Sur le bord du Lac Ahémé

JUMELAGE CRETEIL/POBE

sur le bord du lac Ahémé

Boppa : déjeuner sur le bord du lac

11h,  le minibus s’arrête devant un joli restaurant de plage : sièges peints en blanc et bleu aux couleurs marines, petits auvents au bord de l’eau, parterres fleuris. C’est un endroit soigné et accueillant.

Des pancartes appellent au respect de l’environnement : « Défense d’uriner dans le lac ». un jumelage avec la fédération Léo Lagrange a construit un monumental urinoir très bien fléché et mis en valeur. Comme nous transpirons beaucoup, nous snoberons cette installation. On nous offre des sièges et un verre de bienvenue : « Possotomé bien sûr ! »Pour moi, une béninoise pour Damien les autres prennent un coca.

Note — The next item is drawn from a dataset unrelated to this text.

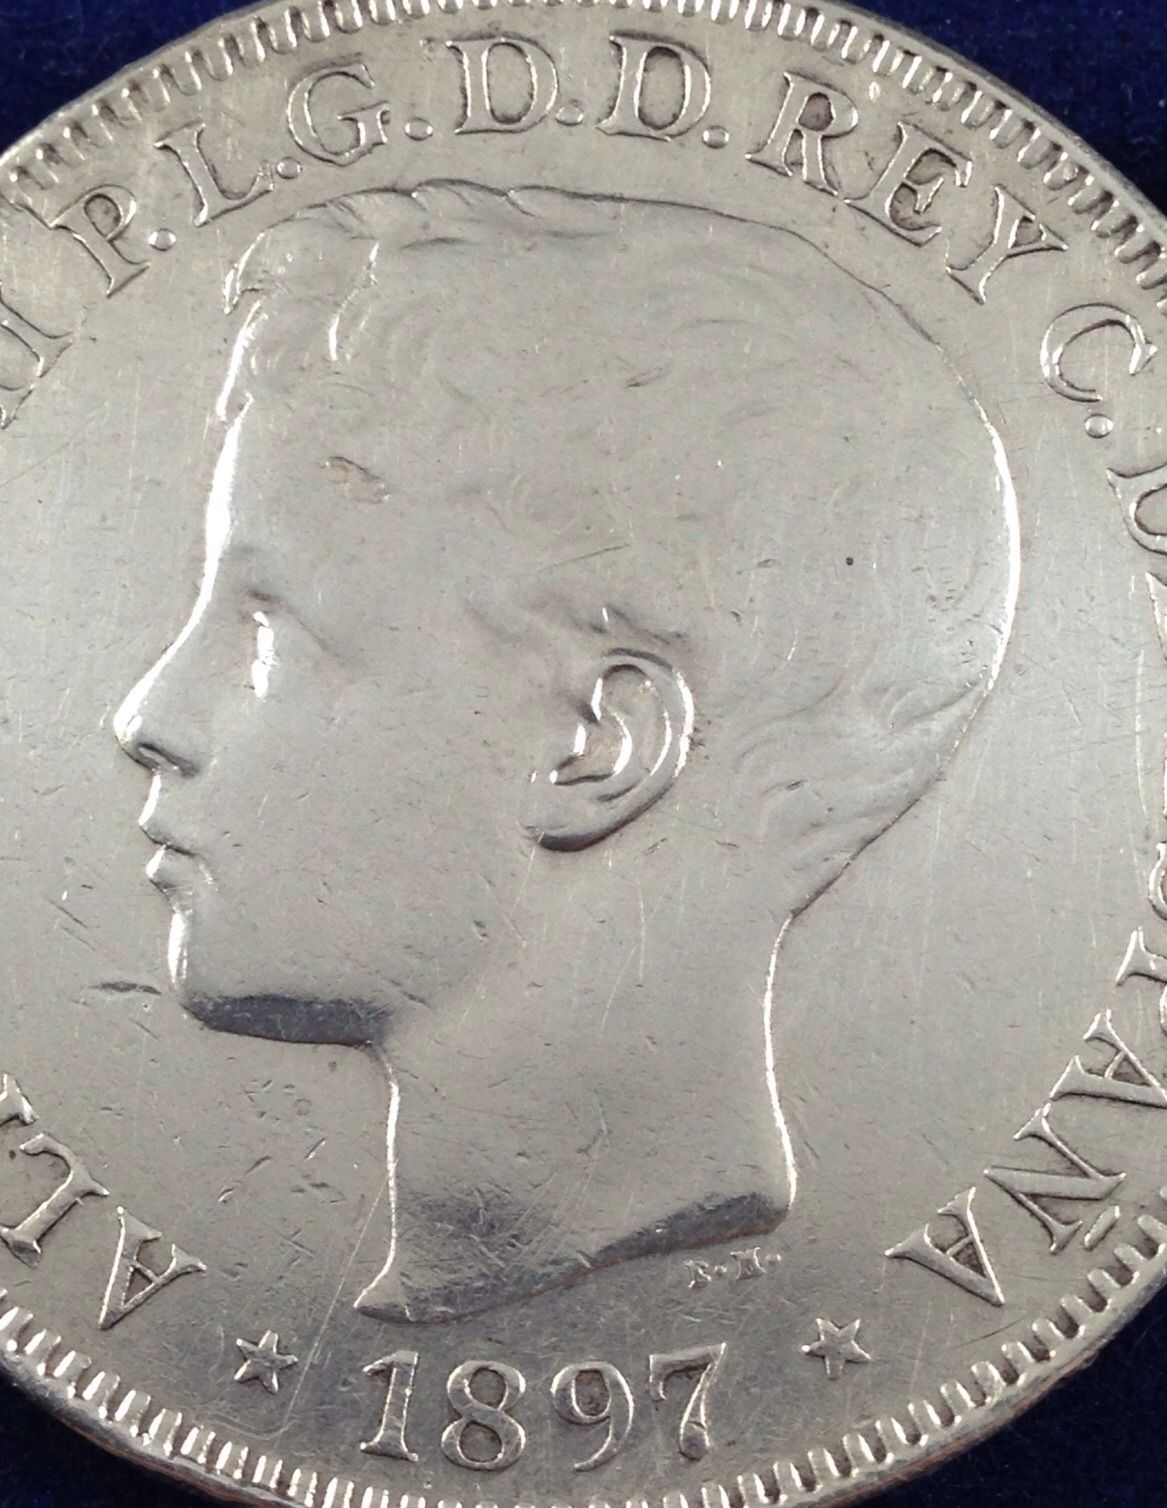 1 Peso 1897 SGC Alfonso XIII - Islas Filipinas Jjodc3

Justin, un guide de Sandotours dont m’avait parlé Danielle, nous accueille ici chez lui. Conversation agréable. En attendant le déjeuner, j’ai enfin le temps de dessiner.  Nous regardons les pirogues du lac Ahémé en écoutant  un chanteur local GG Vickey qui chante une simple ritournelle :

« Il est gai de voguer sur le lac Ahémé
Quand le temps est serein
Fredonnant ce refrain… »

Puis une autre dont les paroles nous plaisent moins :

    « Dieu te bénisse, toi qui viens de naître et souris à la vie… »

 

 

Une musique d’ambiance remplace la célébrité locale, Alpha Blondy, du reggae….

On nous présente des cuvettes pour nous laver les mains : une d’eau savonneuse une d’eau claire. Le repas arrive dans des boites isothermes : du riz, dans des petits pots de la semoule de maïs qui ressemble à de la polenta, une sauce à la tomate  et aux oignons douce, le blanc de poulet est tendre. C’est notre premier repas africain.

la guinguette de Boppa

En pirogue avec Justin sur le Lac Ahémé

Justin nous emmène pour un tour en barque jusqu’à l’endroit où aboutit le fleuve Couffo venant du nord. Nous croisons des pêcheurs, un monsieur pêche à pied, immergé jusqu’à la poitrine dans le lac qui n’est vraiment pas profond. Deux enfants qui ont de l’eau jusqu’aux épaules, tirent un filet tendu entre deux bâtons pour pêcher la crevette.

Un pêcheur en pirogue pêche à l’épervier. Nous essayons de le photographier ou filmer le mouvement circulaire quand il déploie son filet. La pirogue passe devant un curieux mât orné de drapeaux. Les fanions ne marquent pas l’emplacement des filets mais un endroit sacré où il est interdit de pêcher. Si on enfreint le tabou, il faut payer une amende : un poulet par exemple.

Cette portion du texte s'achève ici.